Sen. Heidi Heitkamp of North Dakota became the first Democrat to publicly support Mr. Pompeo.

Ms. Heitkamp, who is facing a tough re-election fight, said in a statement Thursday that she met with Mr. Pompeo last month to discuss his nomination. She said he is “committed to empowering the diplomats at the State Department so they can do their jobs in advancing American interests.”

Ms. Heitkamp, North Dakota’s only Democratic statewide officeholder, is trying to fend off Republican Rep. Kevin Cramer in a critical race for control of the Senate.

Others have argued that Mr. Trump’s surprise decision to send Mr. Pompeo to North Korea for top-secret talks with Kim Jong-un this month makes it more difficult for Senate Democrats to oppose his nomination as secretary of state.

“This is a good example of how critical it is on the merits to confirm Mike Pompeo,” Sen. Tom Cotton, Arkansas Republican and a member of the Senate Select Committee on Intelligence, said Wednesday. “He’s already invested deeply in the upcoming summit between the president and Kim Jong-un.”

National Security Action, meanwhile, promoted its anti-Pompeo YouTube adds with a press release.
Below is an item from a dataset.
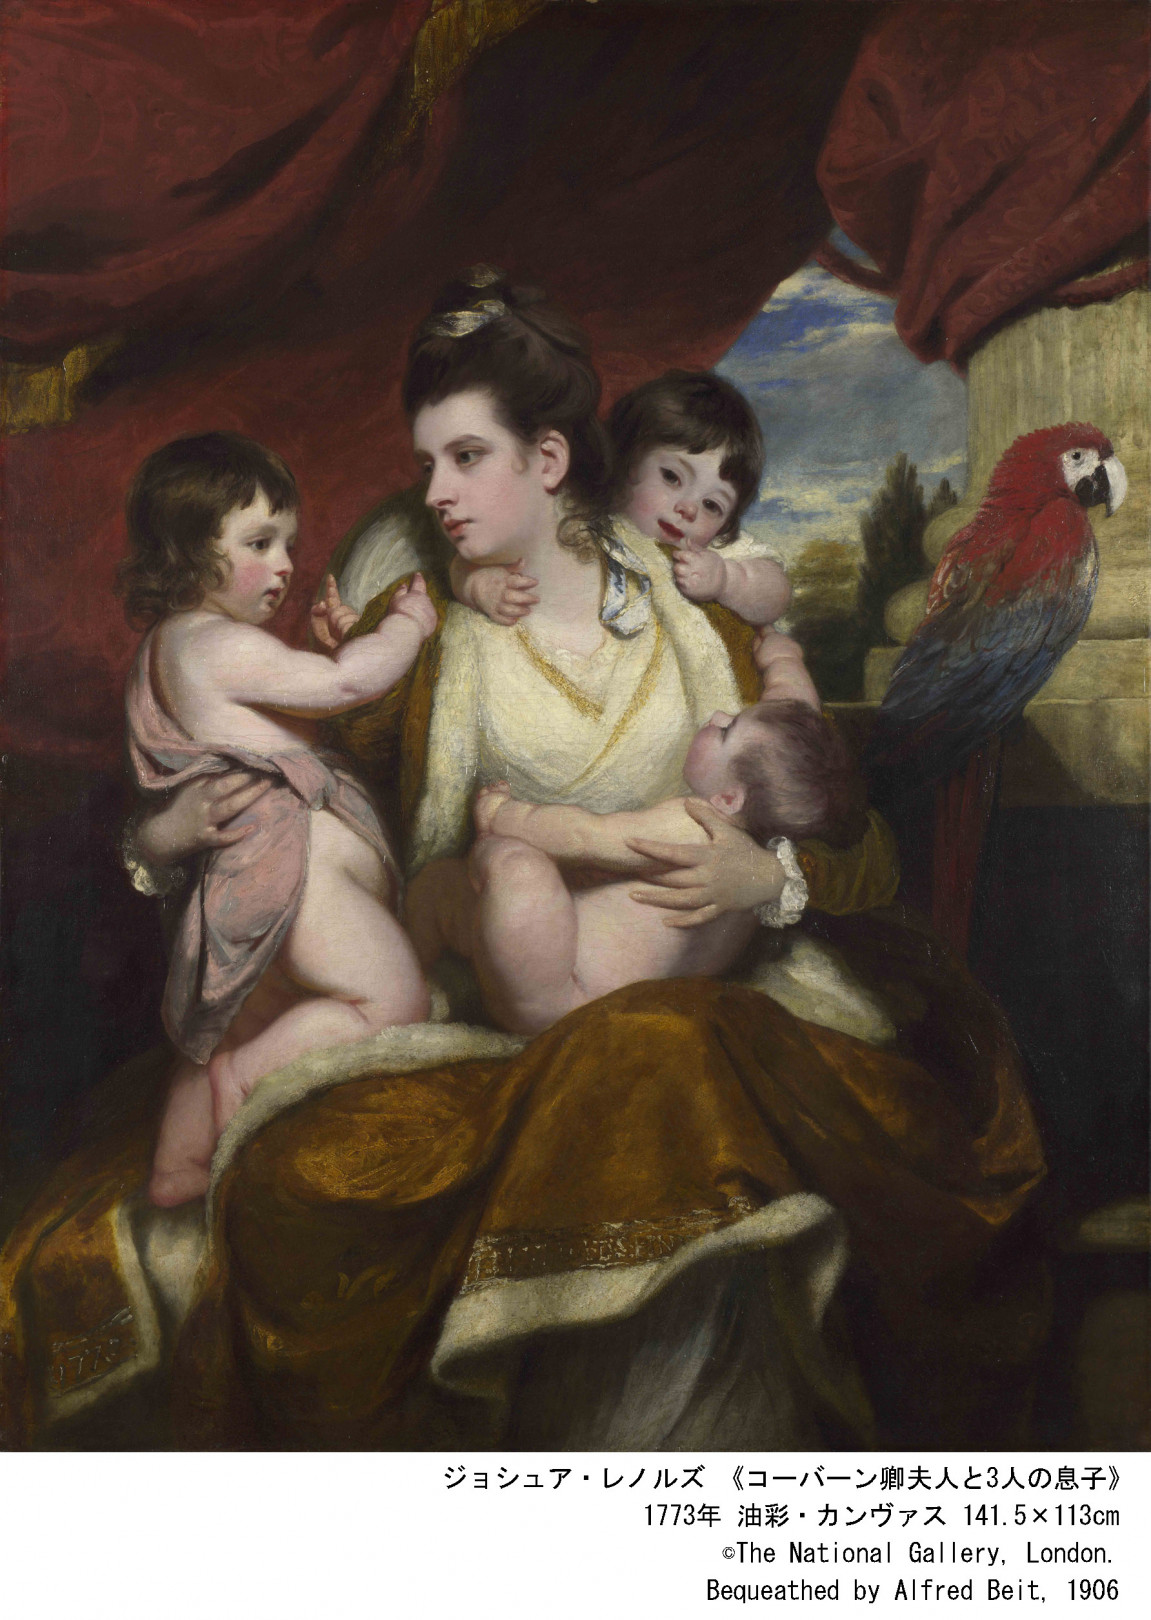 ジョシュア・レノルズ 《コーバーン卿夫人と3人の息子》 1773年 油彩・カンヴァス 141.5×113cm ©The National Gallery, London. Bequeathed by Alfred Beit, 1906

The group is headed by former Obama administration Deputy National Security Adviser and strategic communications chief Ben Rhodes, and Jake Sullivan, who was head of policy and planning at the State Department under President Obama and later served as chief foreign policy advisers to Mrs. Clinton’s presidential campaign.

Among other prominent members of the group are former Rep. Barbara Boxer, California Democrat, and Tony Blinken, a deputy secretary of state and a deputy national security adviser in the Obama administration.

The YouTube ads “highlight some of the traits that would make Pompeo an especially dangerous Secretary of State. Specifically, they focus on his predisposition for the use of force over diplomacy in key theaters as well as his long record of climate change denial and bigotry against minorities, including Muslim Americans, and other marginalized groups,” National Security Action said in a statement.

The statement quoted Dan Herman, the group’s head of advocacy and campaigns, as saying that if Mr. Pompeo is confirmed, he would fit “into the ’War Cabinet’ Trump is assembling with John Bolton.”

Mr. Pompeo is a former U.S. Army officer who graduated first in his class from West Point and received a degree from Harvard Law School. He rode the Republican tea party wave into Congress in 2011.

Despite relatively broad support he has received from senators as CIA director, many on the left criticize comments he has made about climate change and Muslims.

During a confirmation hearing last year, Mr. Pompeo said he believed it was “ignorant, dangerous and absolutely unbelievable” that some U.S. officials have argued that climate change is a top national security threat.

An online video shows Mr. Pompeo telling a church group in 2014 that the jihadi “threat to America is from people who deeply believe that Islam is the way and the light and the only answer.”

“As we think about what U.S. policy needs to be and how we will begin to combat this, we need to recognize that these folks believe that it is religiously driven for them to wipe Christians from the face of the earth,” Mr. Pompeo said at the time. “They may be wrong. There’s some debate about that. The Koran actually says they may be wholly misguided, and I will tell you it is absolutely a minority within the Muslim faith.

“But these folks are serious, and they abhor Christians and will continue to press against us until we make sure that we pray and stand and fight and make sure that we know that Jesus Christ as our savior is truly the only solution for our world,” Mr. Pompeo said.

Feelings about the secretary of state nominee are mixed at the State Department. Behind the scenes, however, several diplomats have told The Times they are hopeful that Mr. Pompeo, who enjoys a closer rapport with Mr. Trump and is more comfortable in public forums and with the news media than the reserved Mr. Tillerson, will boost the department’s lagging interagency clout.

Dave Boyer contributed to this article, which is based in part on wire service reports.